All that is necessary for markets to form is a regular way and place for buyers and sellers to find one another and then, if they are so inclined, to negotiate and consummate their bargains. Over time, of their own accord, they develop habits, customs, and conventions they deem most helpful to the exercise; some of these eventually find their way into the law books. Opportunities for specialization or economies of scale or scope arise, leading some to supply one or more of the necessary factors of production as distinct enterprises. Our brokers, dealers, exchanges, and other intermediaries emerged from precisely this natural process.
None of this assumes or requires the existence of perfect people. Fallibility and criminality will sooner or later visit any field of endeavor. Anarchic markets admit of this eventuality and naturally become robust to it, through reliance on reputation and trust and the development of protocols for dealing with antisocial conduct. In markets ruled by force, however, fallibility and criminality are endemic. Worse, rule of markets by force obscures the signals that would otherwise arouse wariness in markets based on reputation and trust.
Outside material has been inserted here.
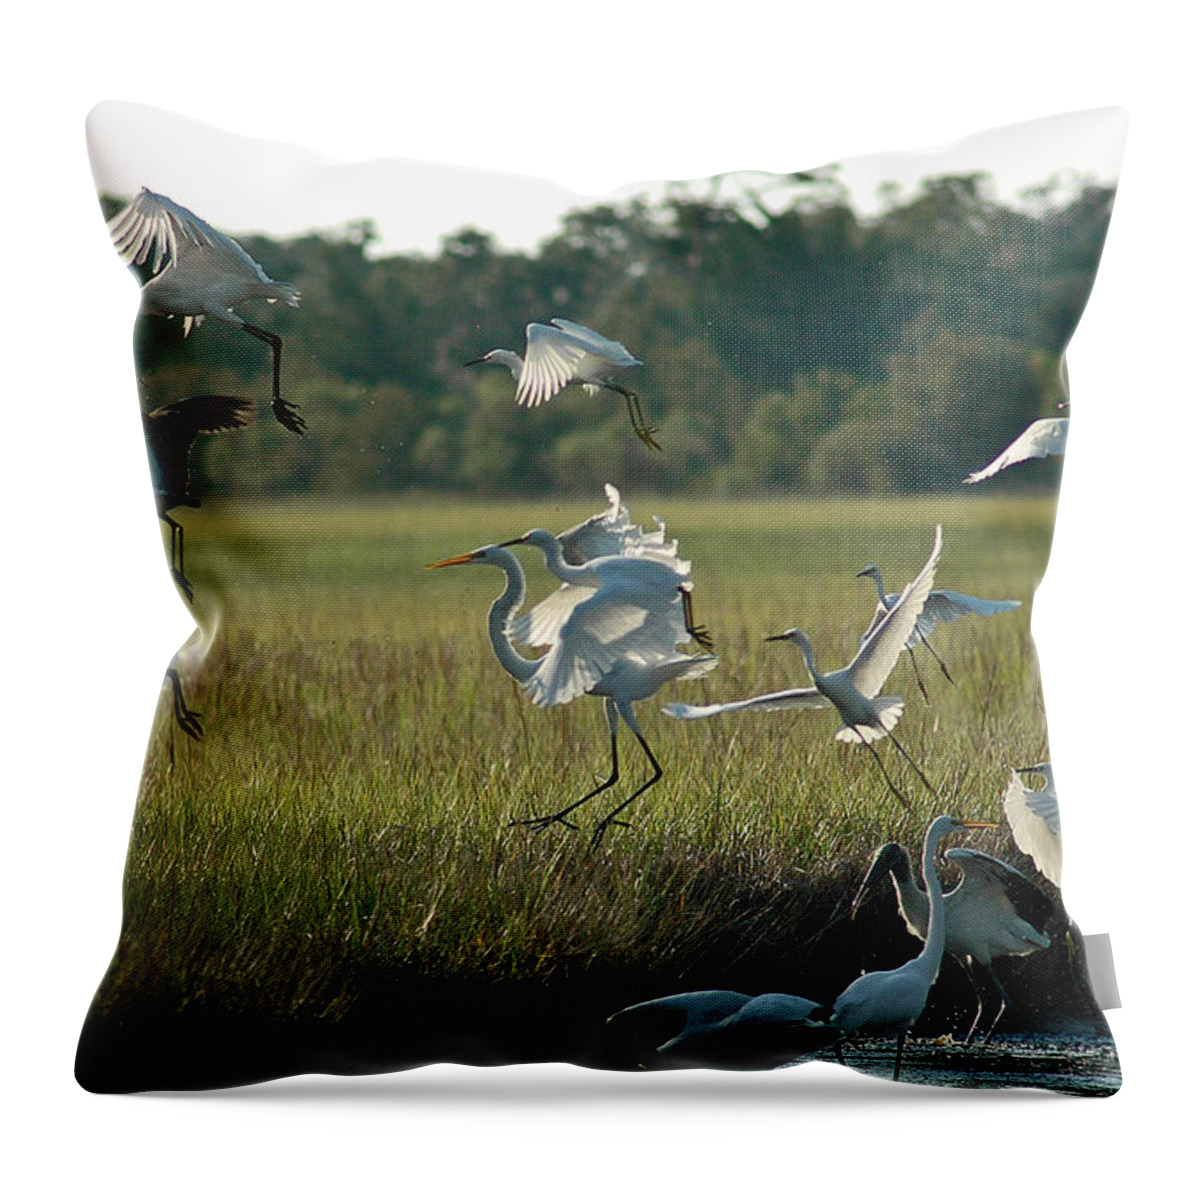 Jekyll Island Throw Pillow featuring the photograph Community Uplift by Bruce Gourley

Such rule also inculcates a false sense of security in market participants, increasing the likelihood they will be victimized.
In re-establishing free markets, we enjoy advantages our ancestors lacked. We have the means and knowledge to build decentralized, peer-to-peer communications networks where buyers and sellers may advertise their interests, find counterparts, and negotiate terms. We have commercial codes and resort to good laws to help us perfect our property rights, transfer risks, and adjudicate disputes. We have cryptographic protocols to help us protect privacy without sacrificing the beneficial roles of trust and reputation. We have the Internet, web browsers, and myriad programming languages at our disposal; messaging protocols and open-source software; venture capitalists and angel investors and crowdfunding sites; and emerging economies and industries with needs for capital and markets for their goods we can easily reach and provide.
Let us not suppose that free markets in financial goods and commodities are no longer possible—they are not only possible, but fully realizable, in full compliance with all existing laws and regulations. Learn the law. Use the knowledge to your advantage.
Now is the time for entrepreneurs to do what they do best. Discover and articulate the better way. Rally others to your vision. Temporary inconveniences will arise. The risk of failure will always be present. But the level of discontent with the prevailing market structure may never be higher, or the opportunity greater. Rule by force is always destructive and immoral. It is time for markets free of rulers—anarchic markets—to flourish again.